### WORK TO COMPLETE
This task asks for the lines from the one with "Martha's Village &" to the final line below, repeated exactly, with pictures omitted.

### DATASET SECTION
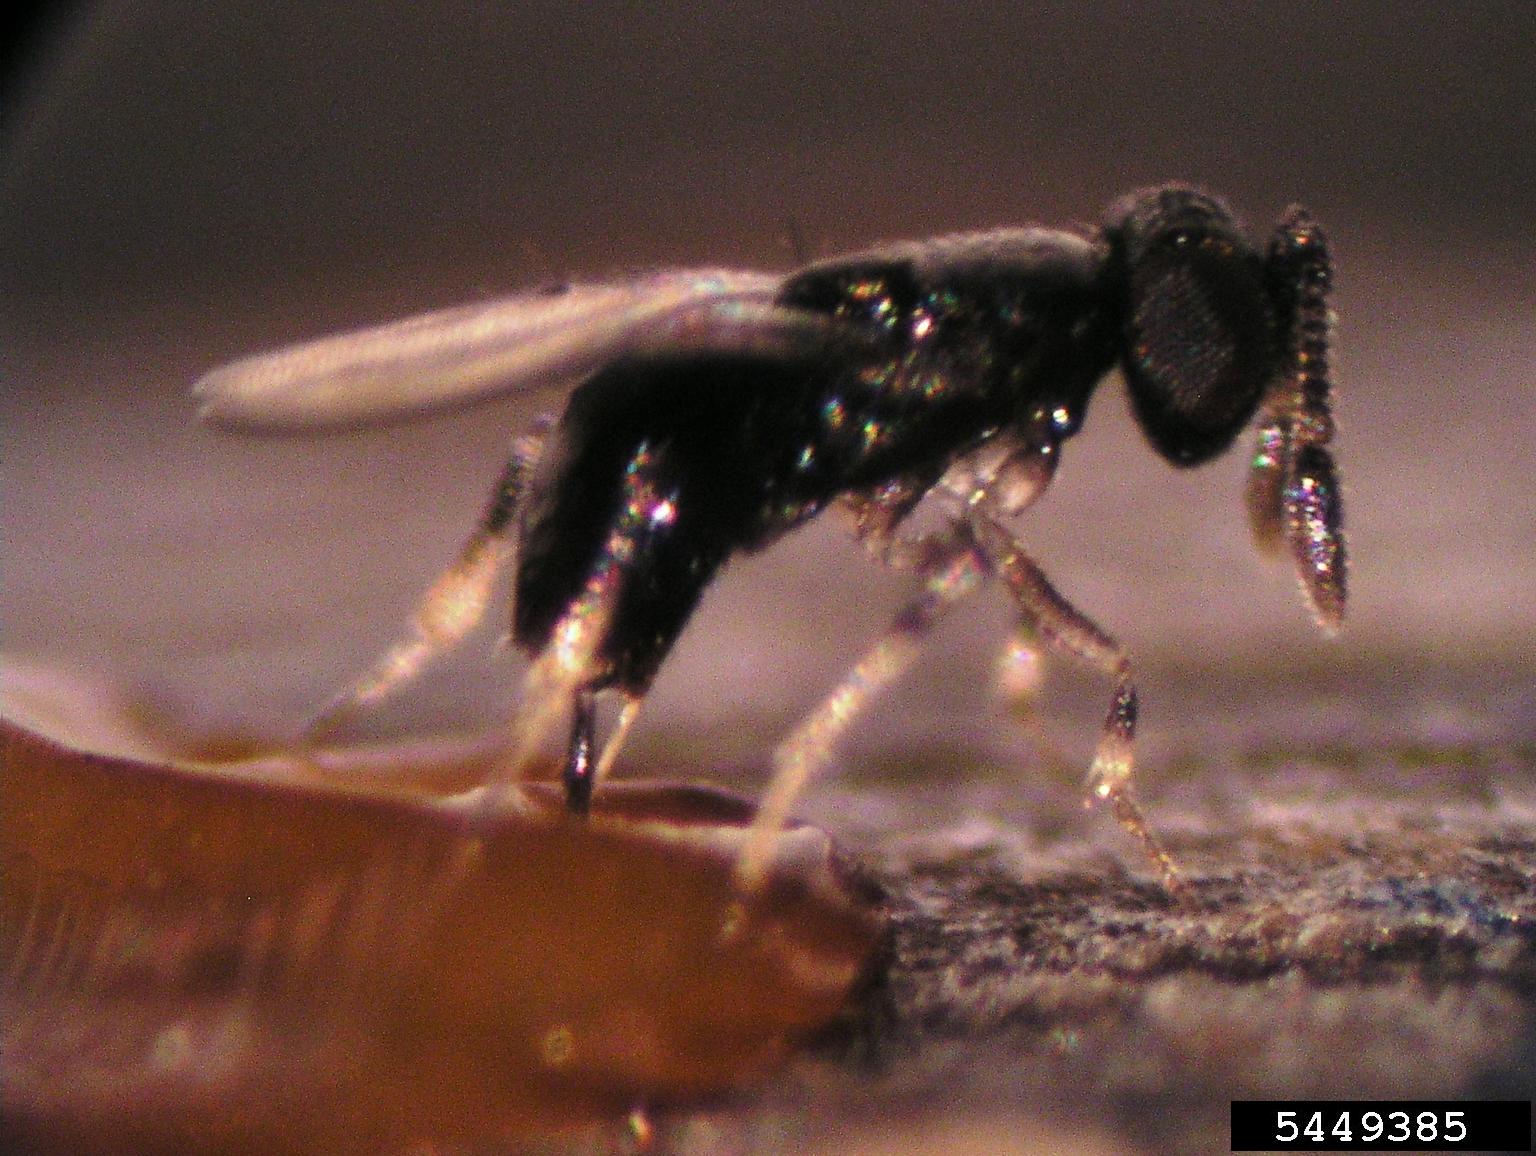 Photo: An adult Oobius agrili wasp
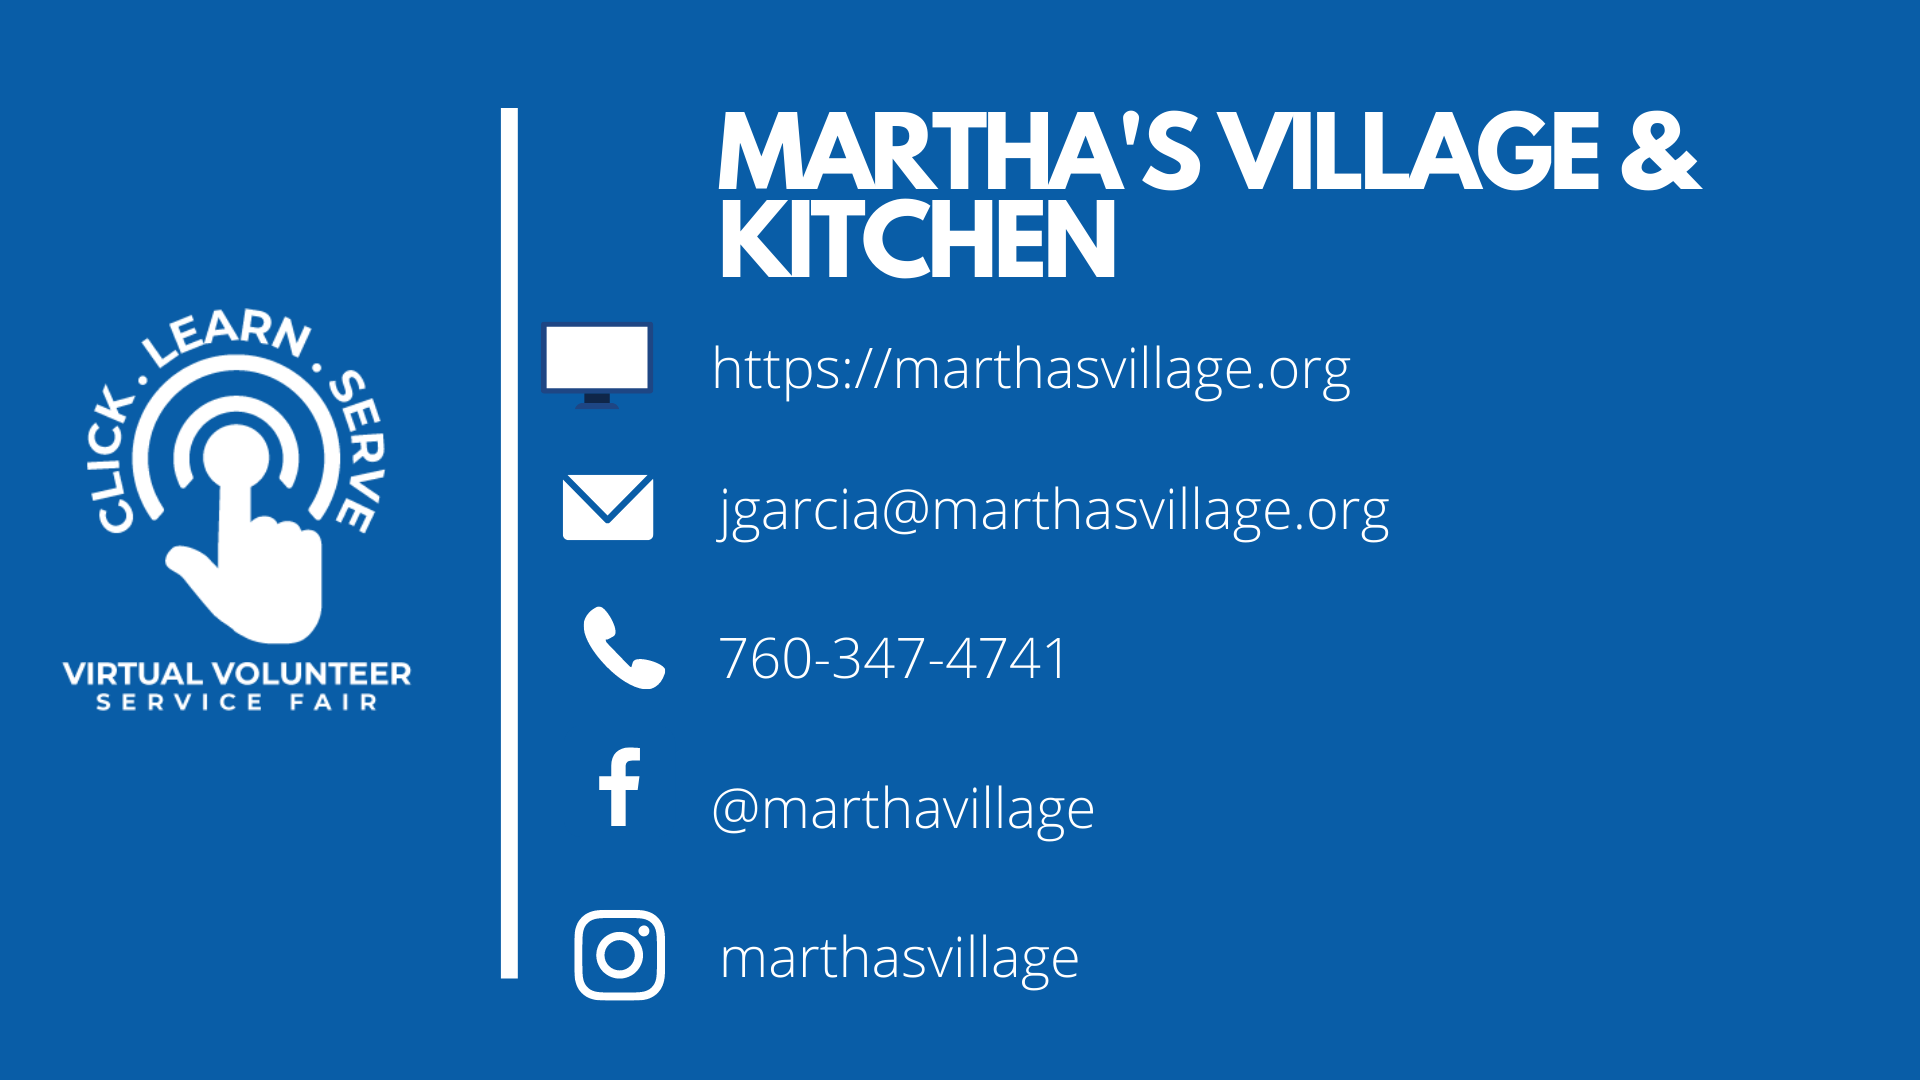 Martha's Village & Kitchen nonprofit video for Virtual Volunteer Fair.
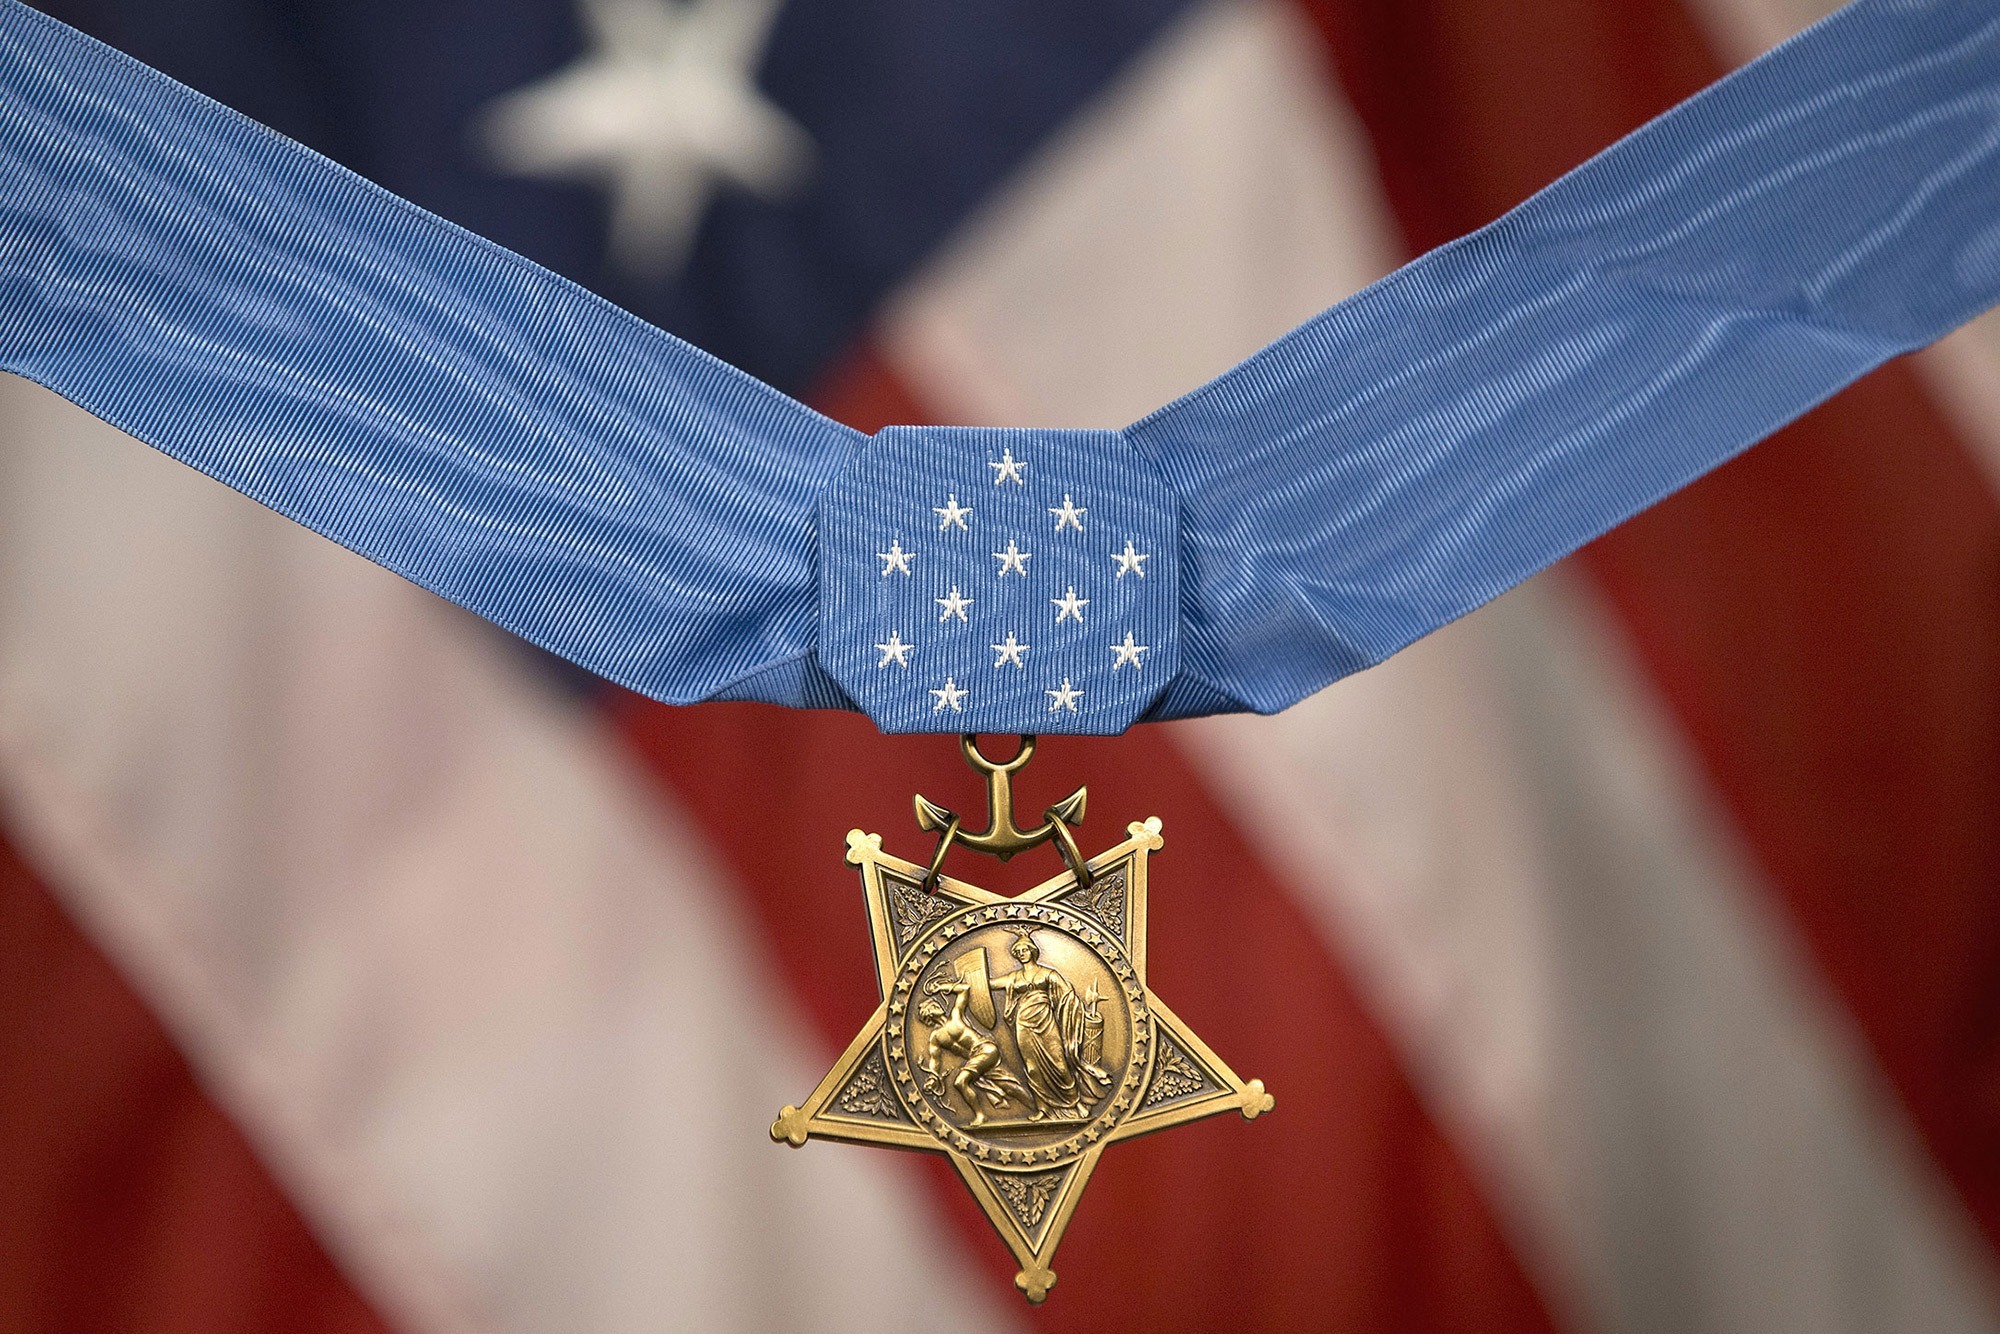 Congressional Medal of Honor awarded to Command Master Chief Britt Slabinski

### EXPECTED ANSWER
 Martha's Village & Kitchen nonprofit video for Virtual Volunteer Fair.
 Congressional Medal of Honor awarded to Command Master Chief Britt Slabinski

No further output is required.